*PROBLEM TO SOLVE*
Take the lines from the one containing "image of a mdf" through the final line below and restate them exactly. Omit the pictures.

*PROVIDED MATERIAL*
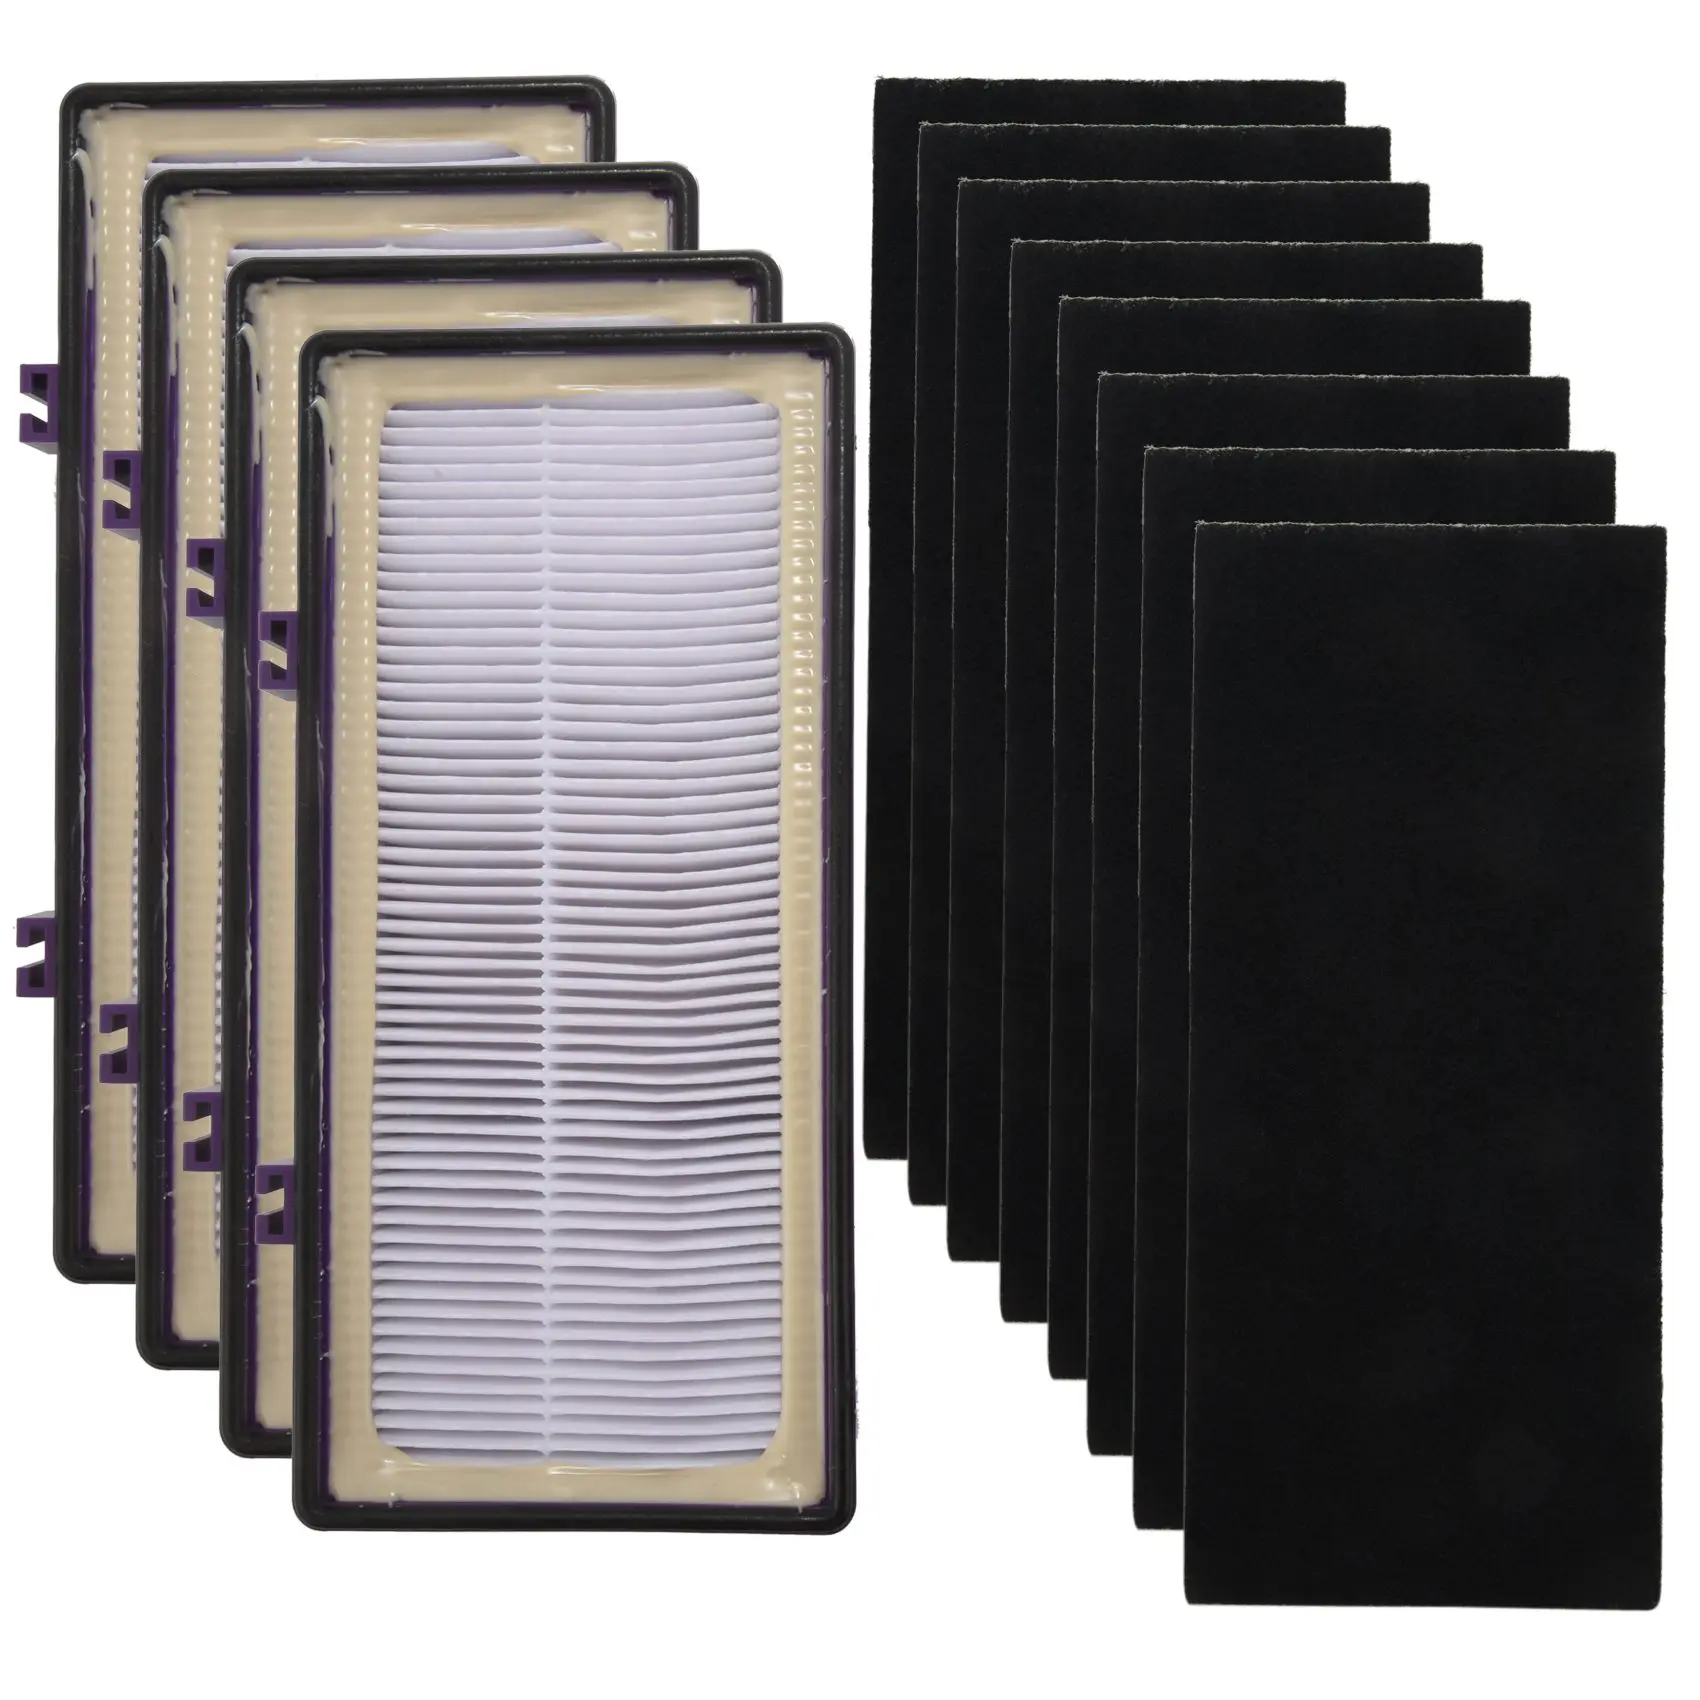 

True Filter Replacement for Holmes Aer1 Series Total Air Filter, Replacement Parts HAPF300,HAP30,HAPF300AP-U4
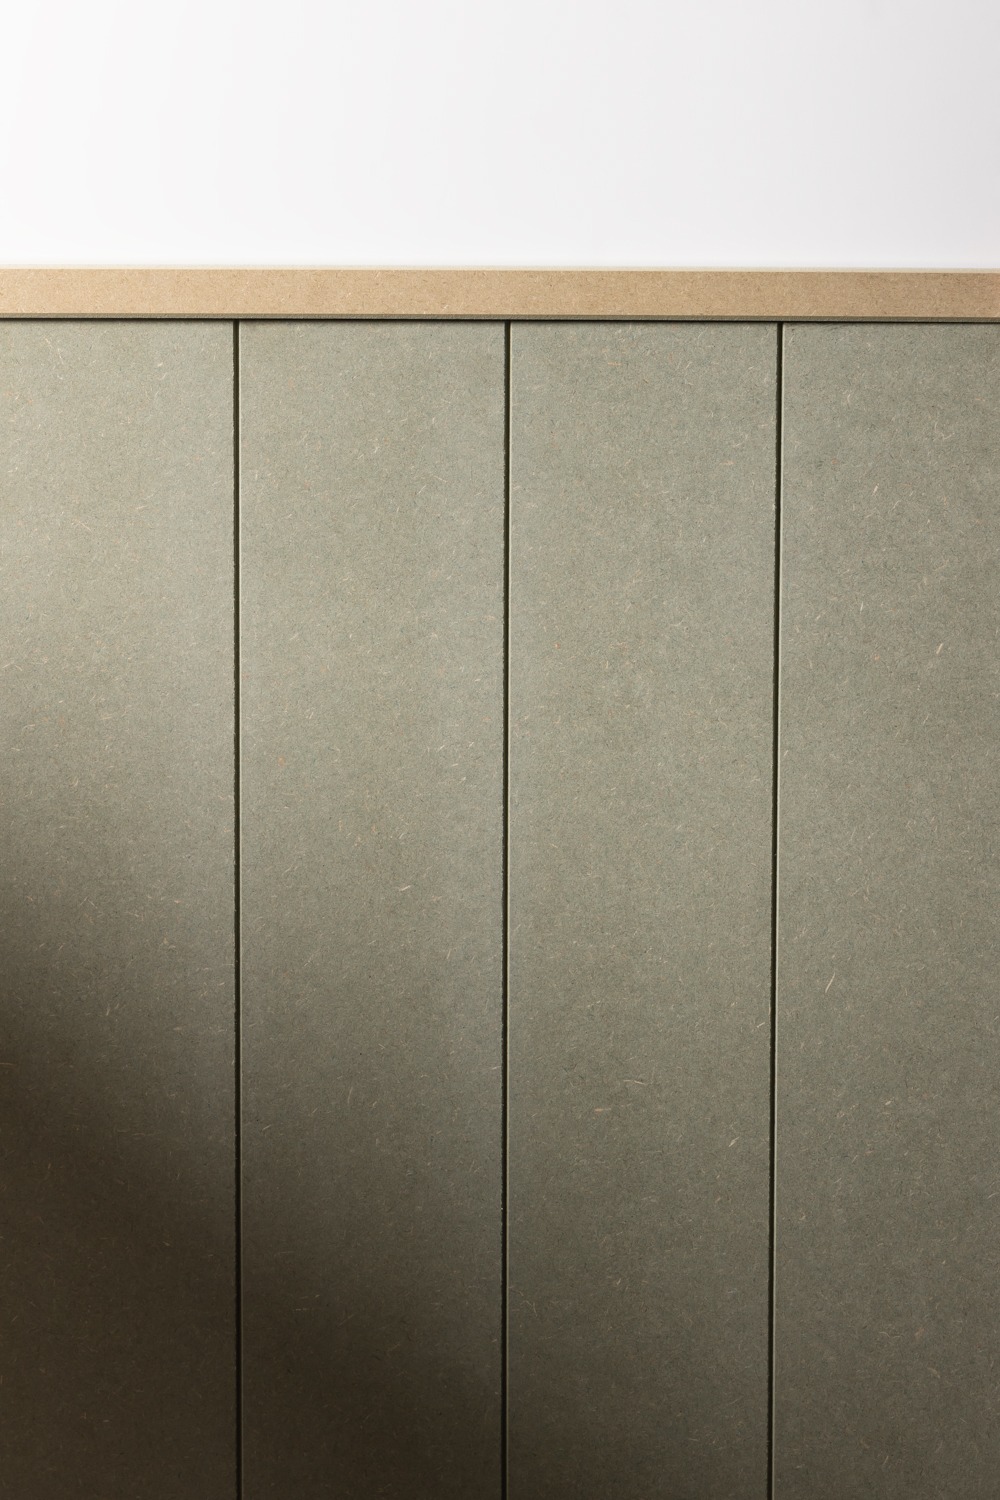 image of a mdf top trim on a wooden wall panel 
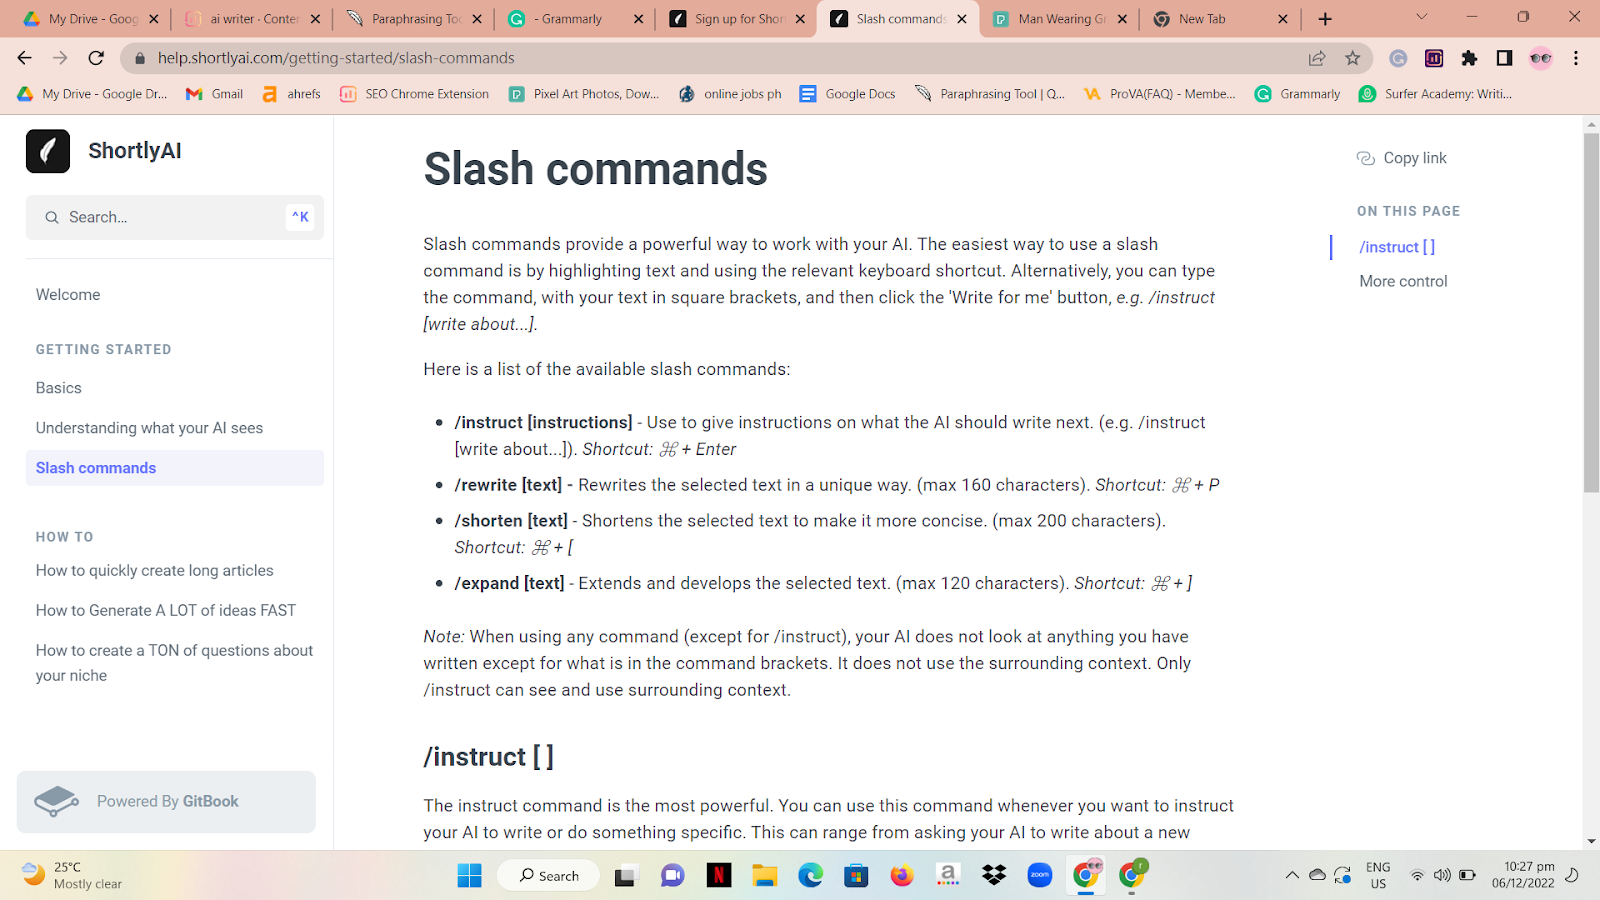 Slash commands are a practical approach to communicating with your AI.

*THE ANSWER*
 image of a mdf top trim on a wooden wall panel 
 Slash commands are a practical approach to communicating with your AI.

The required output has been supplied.